At hiveonline we are aiming to develop a reputation system that makes the process of having work done transparent for all people involved and thereby builds trust in businesses and creates ease of mind for the consumer. We want to show consumers evidence of previous work of a craftsman and make a tool not only for the end consumer but for the craftsman as well. The craftsmen and business owners we have talked to want, over everything, the consumer to be happy and satisfied with the work they have done.

Behaviour and data generate trust indicators

Having a good indicator of a business’ track record is key to employing them and paying for work to be done. When a craftsman is going to enter a customer’s house, their home, you really need to be able to trust that person. They also have specialist knowledge that the consumer does not have – that requires a higher level of trust too.
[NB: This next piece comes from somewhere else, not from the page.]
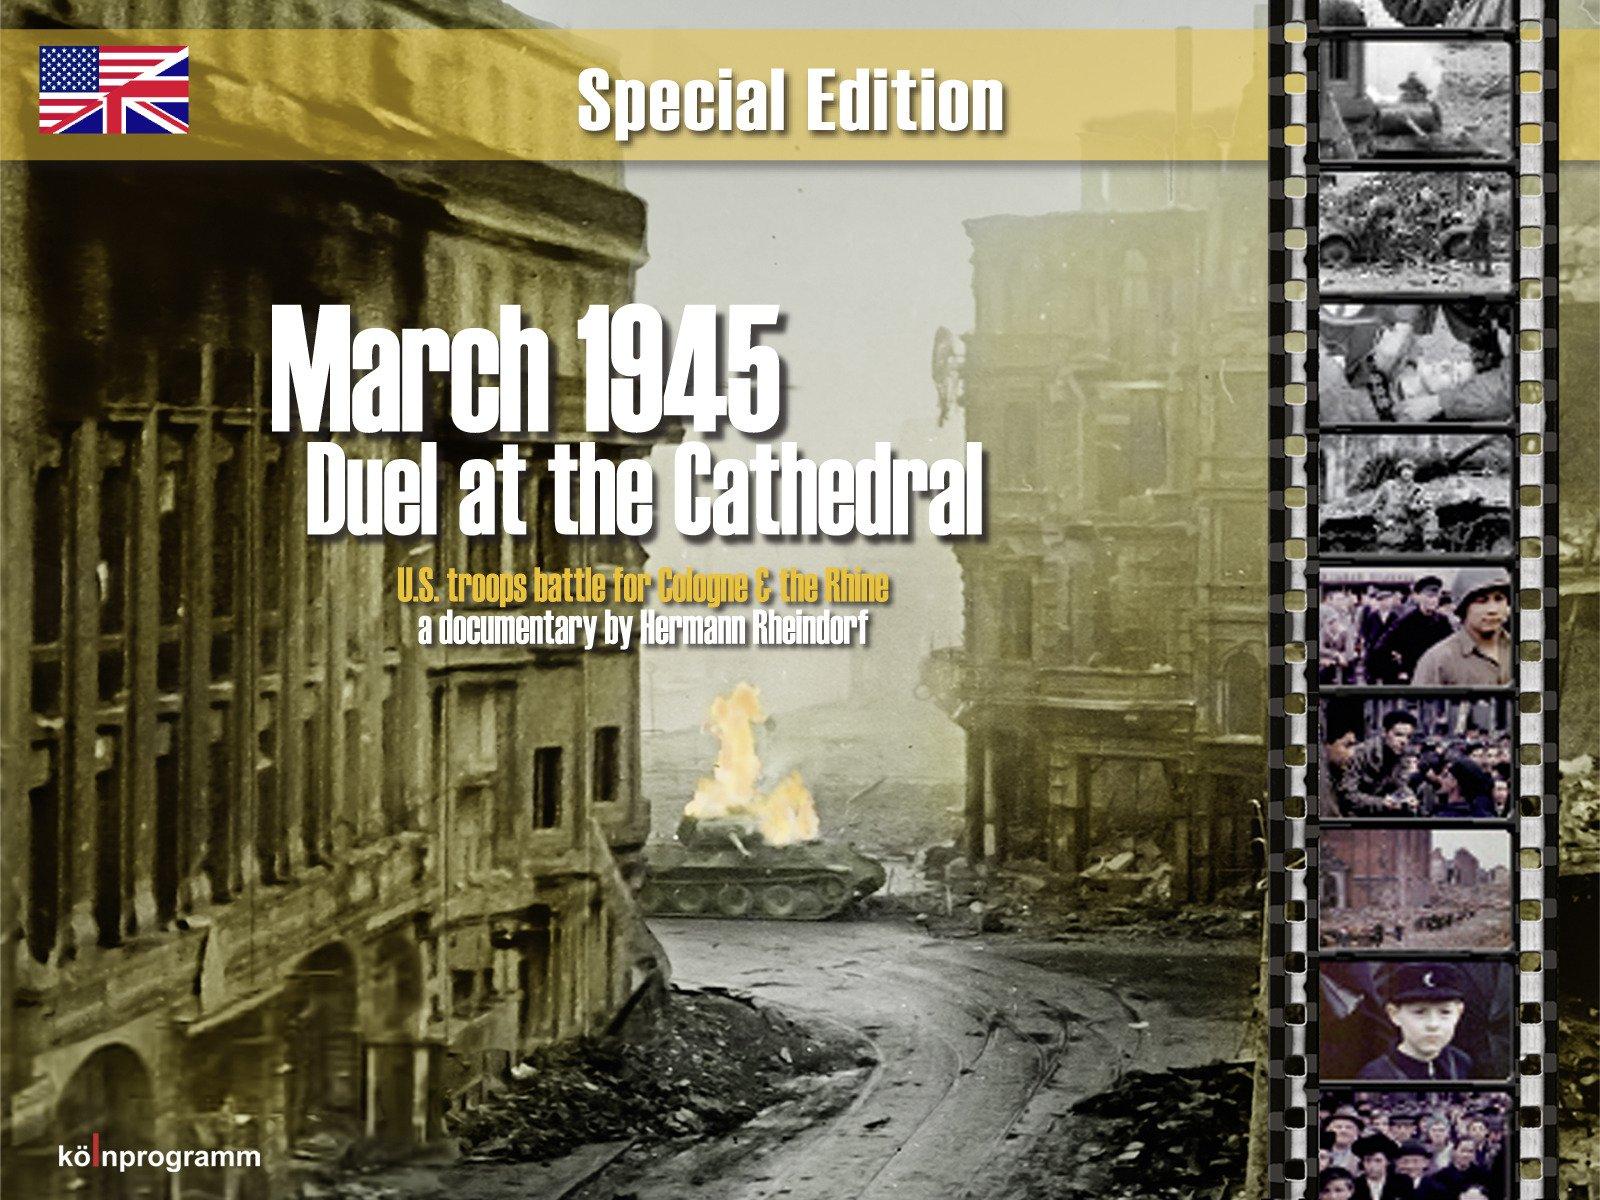 March 1945 - Season 1

When building a reputation system, like hiveonline’s reputation score, you need to consider at least two things – what is the behaviour of the target segment and what data do you have? When dealing with craftsmen, end consumers and their interaction, the level of trust, and data accuracy, that is needed is much higher than if it was a low risk and low value product.

The foundation of our trust model is measuring the delivery of a task or project against what was committed. We encourage craftsmen and customers to build a simple transparent contract together before they start work, outlining key deliverables and any conditions. Then as the work is getting completed we measure the completion of the tasks and changes to the project. We then feed this into our reputation algorithm to work out how trustworthy both parties are on delivering what they agreed at the start.
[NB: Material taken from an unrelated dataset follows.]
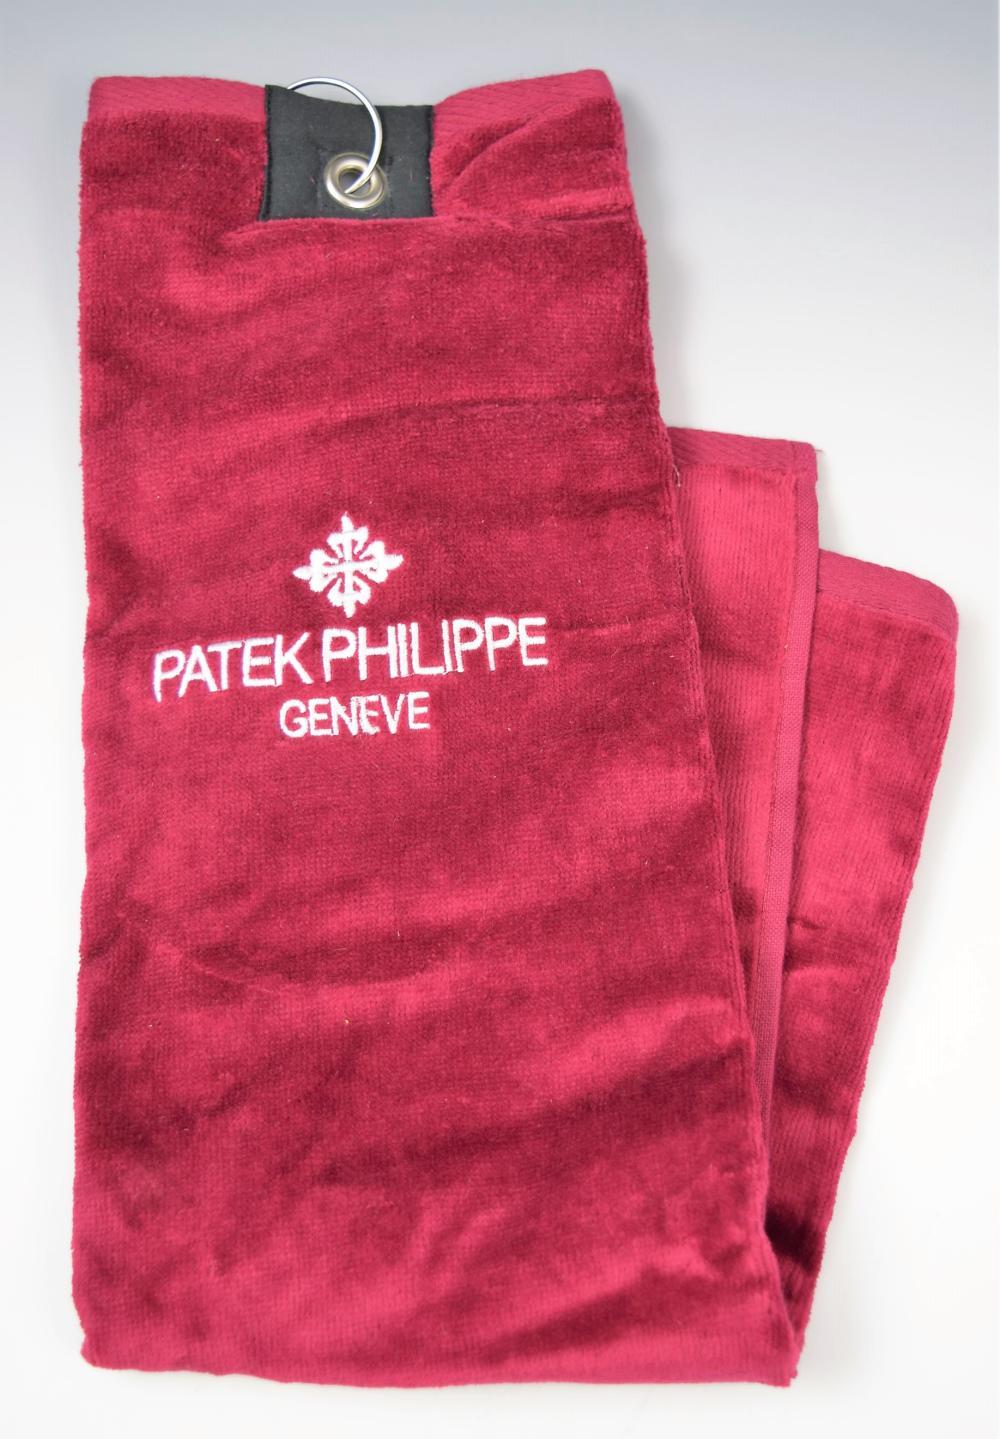 Patek Philippe Golf Towel

In order to combine subjective and difficult to measure inputs into a fact-based reputation system you need to simplify those measurements and combine them with other obtainable and measurable data. In Denmark we have open public data – company number, tax certificates, number of vehicles. Some of these data gives an indication of the company – e.g. have they been around for a long time. If you combine that with data of certificates you can add more trust.
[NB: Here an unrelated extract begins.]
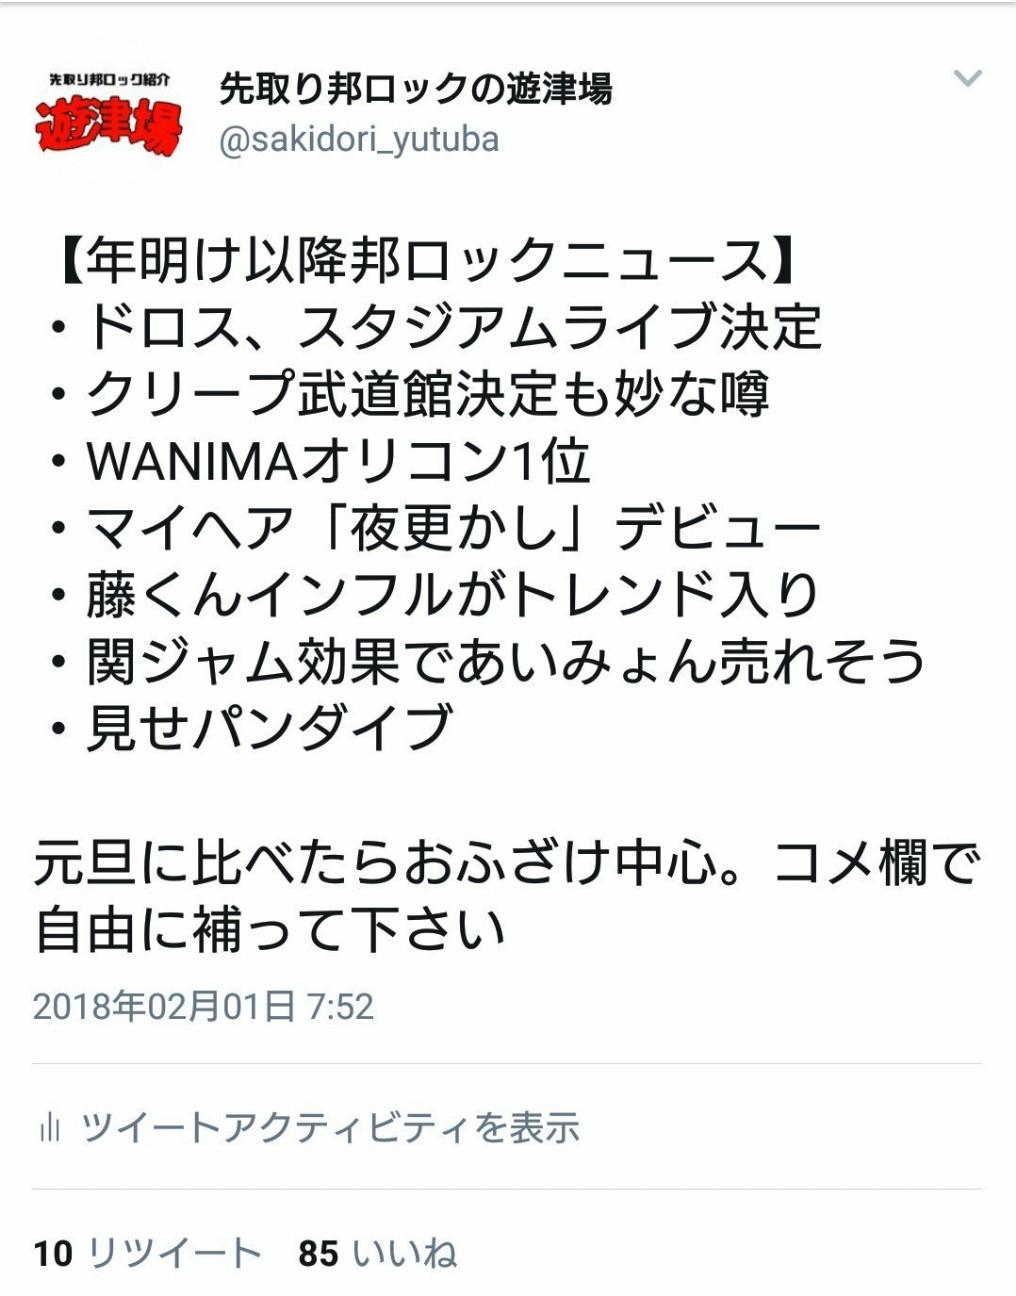 f:id:sakidoriyutsubarock:20181213223423j:plain

Bringing data together with standardised behaviour data points gives you an idea if a company is trustworthy, but what really adds to that trust will be data gathered in the future. The actual behaviour measured in the app when it is used by business every day to do their work and manage their projects.

Reputation is a large component of trust but not the only input

How can you base your trust on a reputation system? The reputation system is not a picture of the future. It is a picture of the past – giving you an indication of the future. But we can’t predict the future and therefore it can not stand alone. When you try to narrow down behaviour and data into indicators for a wide segment you need to be aware of the fact that you can create stereotypes and there may be exceptions to the rule.

This doesn’t mean that you shouldn’t try to create a system but that you should be aware that a reputation system is an indicator of trust not a guarantee, but in a world of fake reviews and lot of craftsmen you don’t know if you can trust, basing your judgement as much as possible on facts is a good way to go trying to help both craftsmen and end consumers.